Type: Story Priority: Normal
Reporter: price Assignee: price
Resolution: Done Votes: 0
Labels: None
Remaining Estimate: Not Specified
Time Spent: Not Specified
Original Estimate: Not Specified

Issue Links:
Relates
relates to PIPE2D-829 Investigate/fix line intensity measur... Done
Story Points: 2
Sprint: 2DDRP-2021 A 8, 2DDRP-2021 A 9
Reviewers: hassan

 Description   

Determine how repeatable 2D line flux measurements are, and what is limiting this repeatability.



 Comments   
Comment by price [ 23/Sep/21 ]

I followed multiple ideas to improve the flux measurements, many of which were based in improving the detectorMaps:

  • add DoubleDetectorMap
  • deblend when centroiding
  • flag lines with bad pixels when photometering
  • review line list
  • signal-to-noise cut in fitting detectorMap

In the end, I got down to about xSys=0.016 ySys=0.037 in fitting the detectorMap using sky lines (with readLineList.exclusionRadius=0.2):

reduceExposure.adjustDetectorMap INFO: Final fit: chi2=54099.876549 dof=23522 xRMS=0.024463 yRMS=0.037982 (0.003280 nm) from 11773/15601 lines
reduceExposure.adjustDetectorMap INFO: Fit quality from reserved lines: chi2=614201.080218 xRMS=0.024387 yRMS=0.064839 (0.005599 nm) from 1733 lines (10.0%)
reduceExposure.adjustDetectorMap INFO: Softening errors by x=0.016433, y=0.036511 pixels (0.003153 nm) to yield chi^2/dof=1
reduceExposure.adjustDetectorMap INFO: Softened fit: chi2=23387.268754 dof=23522 xRMS=0.025453 yRMS=0.042447 (0.003665 nm) from 11773 lines
reduceExposure.adjustDetectorMap INFO: Softened fit quality from reserved lines: chi2=244358.657181 xRMS=0.024418 yRMS=0.064045 (0.005530 nm) from 1733 lines

The difference between xSys and ySys likely indicates that there's more to be gained, but I'm not sure where yet. (xSys =~ ySys on arc lines, so the problem is intrinsic to the sky.)

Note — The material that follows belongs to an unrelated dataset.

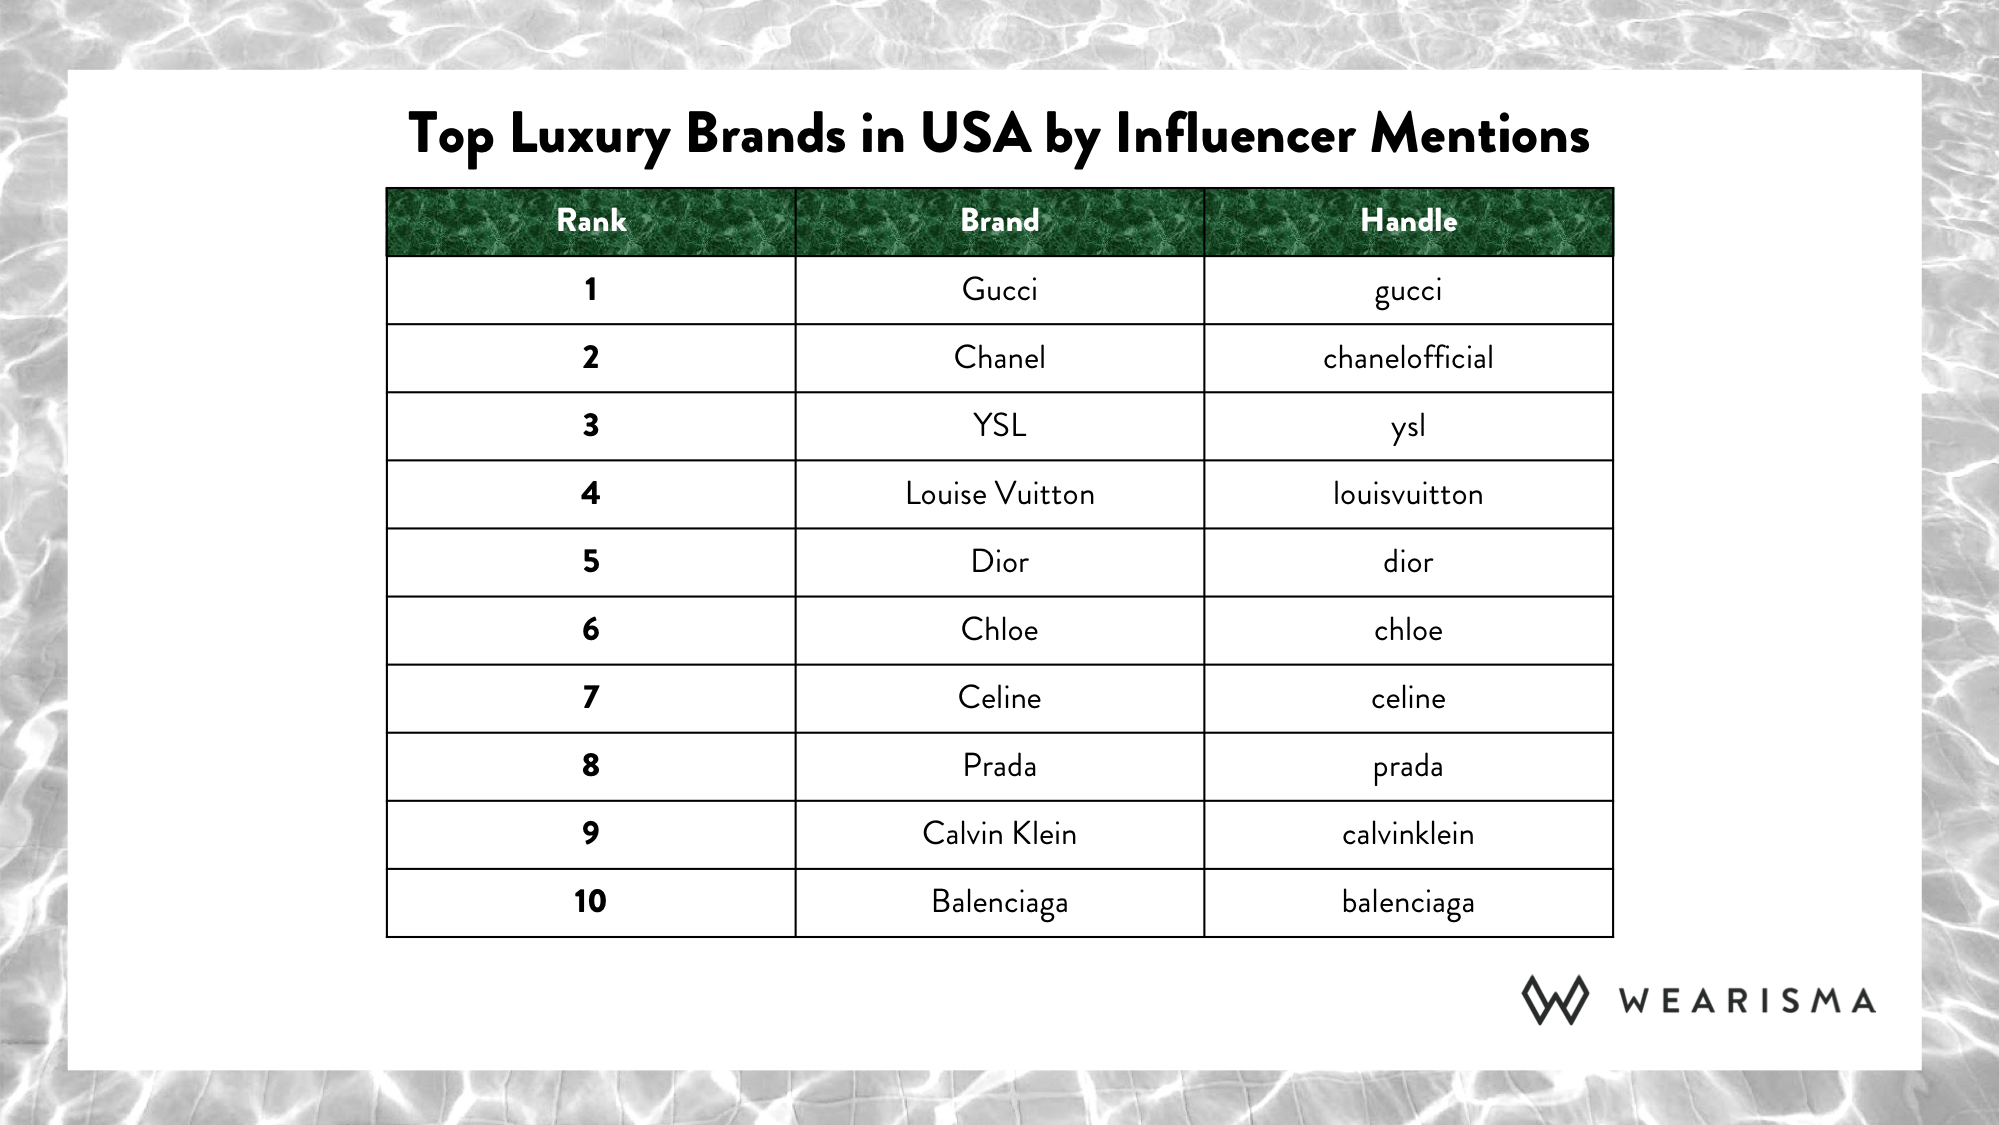 Which Luxury Giants are the most mentioned by USA Influencers? - WeArisma

With that detectorMap, I then get much better photometry, though still not ideal: chi^2 for the worst line fluxes is about 30 over five fibers, and that's when I include a 1% systematic floor (although before this work, the worst chi^2 was tens of thousands). It's possible that small inaccuracies in the PSF model are causing extra noise, and I think adding aperture corrections is the next step: if the fidelity of the PSF varies as a function of fiber or position within a fiber (which could be due to the PSF model failing to follow real variation, or the PSF model variation not being accurate), then we need aperture corrections.

import numpy as np
from pfs.drp.stella import ArcLineSet
lines = ArcLineSet.readFits("arcLines-046588-r1.fits")
select = np.isin(lines.fiberId, (255, 401, 464, 525, 587)) & np.isfinite(lines.intensity) & np.isfinite(lines.intensityErr) & (lines.status == 0) & ~lines.flag
intensityErr = np.where(lines.intensityErr > 0.01*lines.intensity, lines.intensityErr, 0.01*lines.intensity)
mean = {}
chi2 = {}
for wl in set(lines.wavelength[select]):
    choose = select & (lines.wavelength == wl)
    weight = 1.0/intensityErr[choose]**2
    mean[wl] = np.sum(lines.intensity[choose]*weight)/weight.sum()
    chi2[wl] = (((lines.intensity[choose] - mean[wl])/intensityErr[choose])**2).sum()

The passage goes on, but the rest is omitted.